Полагаю, что, когда маме поставили диагноз, кто-то объяснил нам ситуацию. Сам разговор я не помню, но папа часто повторял, что у мамы бывают больные и здоровые мысли, больные и здоровые поступки. Колыбельная на ночь и поцелуй в лобик — это здоровые поступки. Суповые ложки для рыбных палочек и лимонад на завтрак — это больные поступки. Помню, что когда ей указывали на больные поступки, она смеялась как-то по-особенному: глуповатым булькающим смехом. Помню, что я огорчалась из-за этого.

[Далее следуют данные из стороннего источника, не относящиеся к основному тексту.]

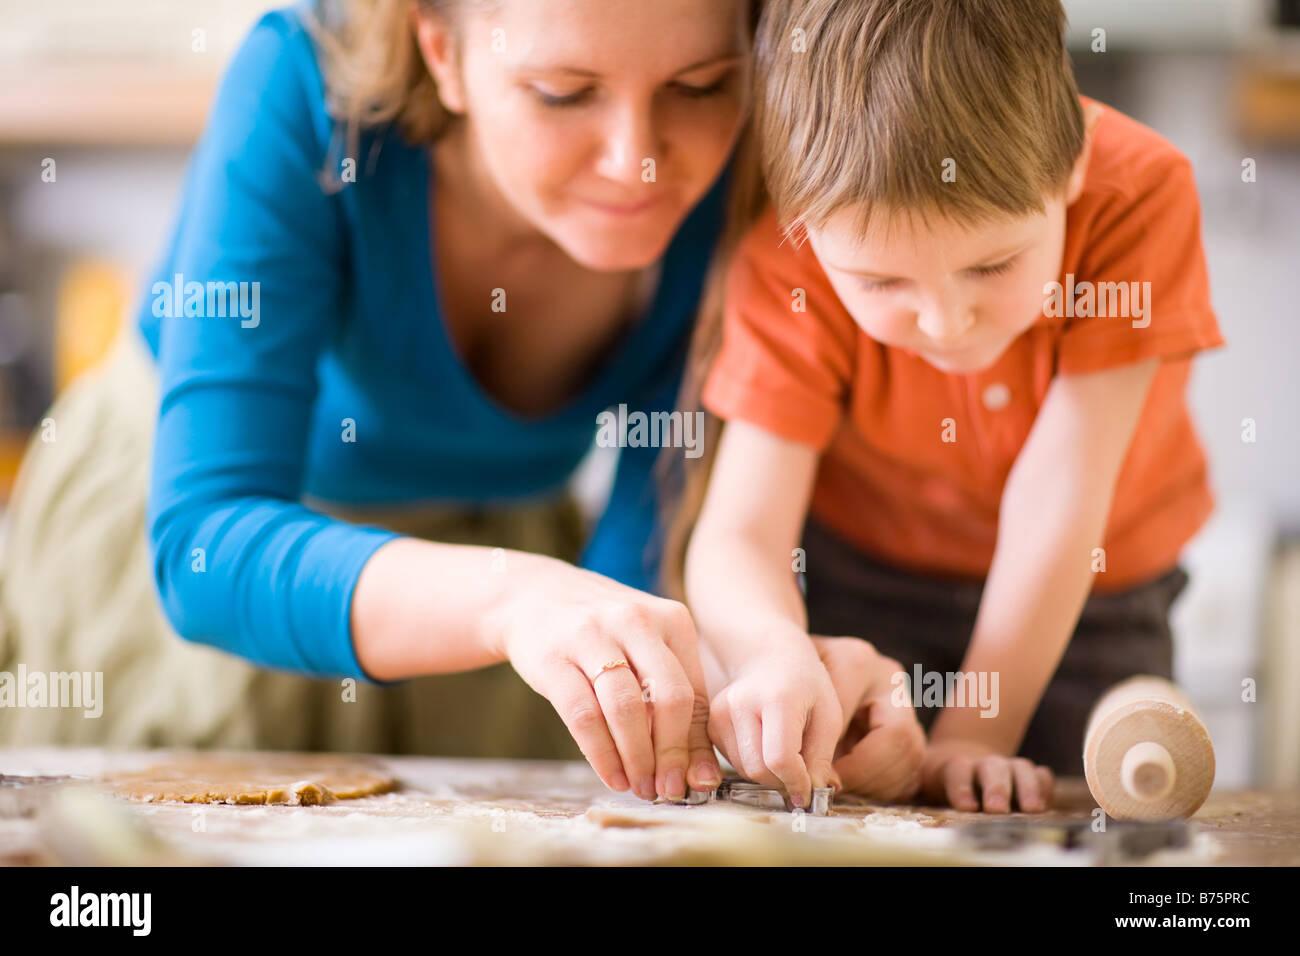 La joven madre y su hijo en la cocina hacer galletas Foto de stock

Заболела мама не в одночасье, но диагноз ей поставили, по моим понятиям, когда мне было лет пять. До этого симптомы проявлялись уже с полгода, а то и с год. Когда я вспоминаю маму, то не могу с уверенностью утверждать, была ли она на тот момент здорова или нет. Как-то мы с ней играли красно-белым купальным мячом в саду у бабушки. Вспоминая этот день, я думаю: вот
Ей грозила полная беспомощность. Болезнь прогрессировала быстро. Проживи мама подольше, еще до того как я окончила школу, ее пришлось бы определить в интернат. Но случилось так, что умерла она гораздо раньше. В один злосчастный день осталась дома одна — и смешала свои лекарства, противотревожные и болеутоляющие, как обычные витаминные добавки. Нашел ее папа. Позже я задумывалась о том, был ли он и раньше таким же рассеянным, каким был по моим детским воспоминаниям, или на него так подействовало то, что он нашел жену мертвой на полу в кухне. Мне было семь лет, когда это случилось. Я и папу-то до маминой болезни помню очень плохо. Конечно, можно спросить у Анники. Но не знаю, мы с ней папу в таком ракурсе не обсуждаем; не представляю, как можно было бы завести речь об этом…

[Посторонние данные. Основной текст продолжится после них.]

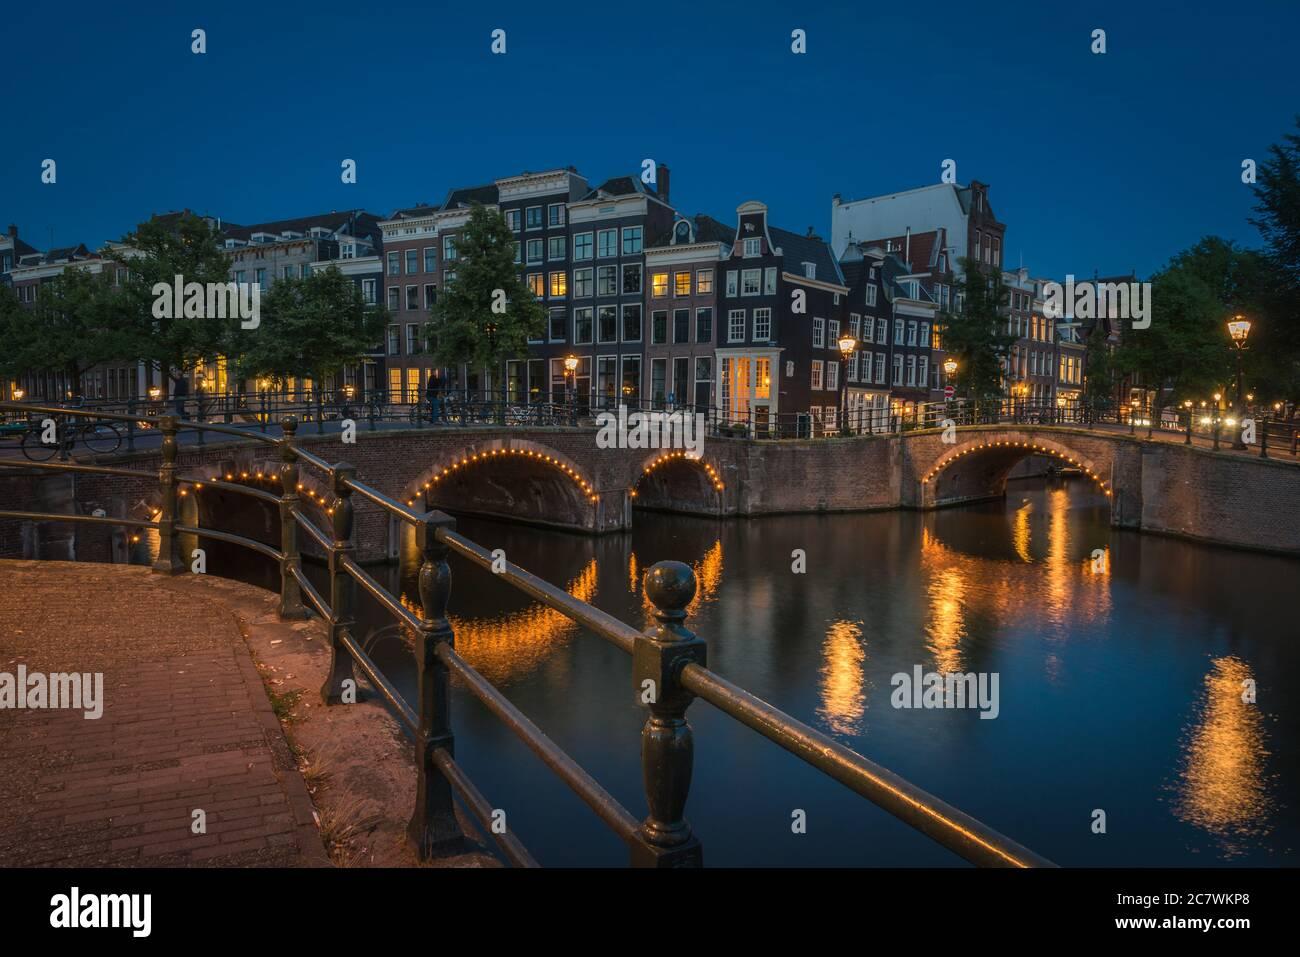 Les canaux illuminés la nuit, Amsterdam, pays-Bas Banque D'Images

Я звоню в дверь и жду. Вижу, что в доме горит свет. Но дверь открывают не сразу, и, что характерно, открывает не он. У той особы, что оказывается за дверью, длинные каштановые волосы и жесткий взгляд. Оглядывая меня весьма скептически, она спрашивает:
— Вам кого?
— Вегар дома? — отвечаю я вопросом на вопрос.
— Вы по какому вопросу?
Я ее никогда раньше не видела. Студенты, которых отец водит домой, распоряжаются как у себя дома. Вряд ли она нашла сюда дорогу давно, но строит из себя стражницу, призванную защищать впечатлительного гения от навязчивого окружающего мира. Так себя ведут многие из его студентов. Существует, конечно, вероятность, что к нему тянутся люди определенного склада, но мне кажется, что это он сам пестует в них подобные представления. Рассказывает им истории из своей жизни на общественной и академической арене, и выстроены они явно в соответствии с архетипом «Давид и Голиаф»: маленький человек против системы. Пока студенты на это клюют, они ощущают собственную значимость. Готовы встать на его защиту в период от пары месяцев до целого семестра.
— Я его дочь, — говорю я.
Она молча открывает мне дверь. В прихожей стоит обувь и висят куртки самых разных фасонов и размеров; вряд ли среди них много папиных. Значит, тут целая группа. Я скидываю туфли. Студентка проходит в гостиную; я следую за ней, но обгоняю ее и первой оказываюсь у двери в его рабочий кабинет. Видно, что мой маневр ее раздражает, но еще чего не хватало! Я выросла в этом доме и просила бы не сопровождать меня в нем, как какого-нибудь захожего незнакомца. Вхожу без стука.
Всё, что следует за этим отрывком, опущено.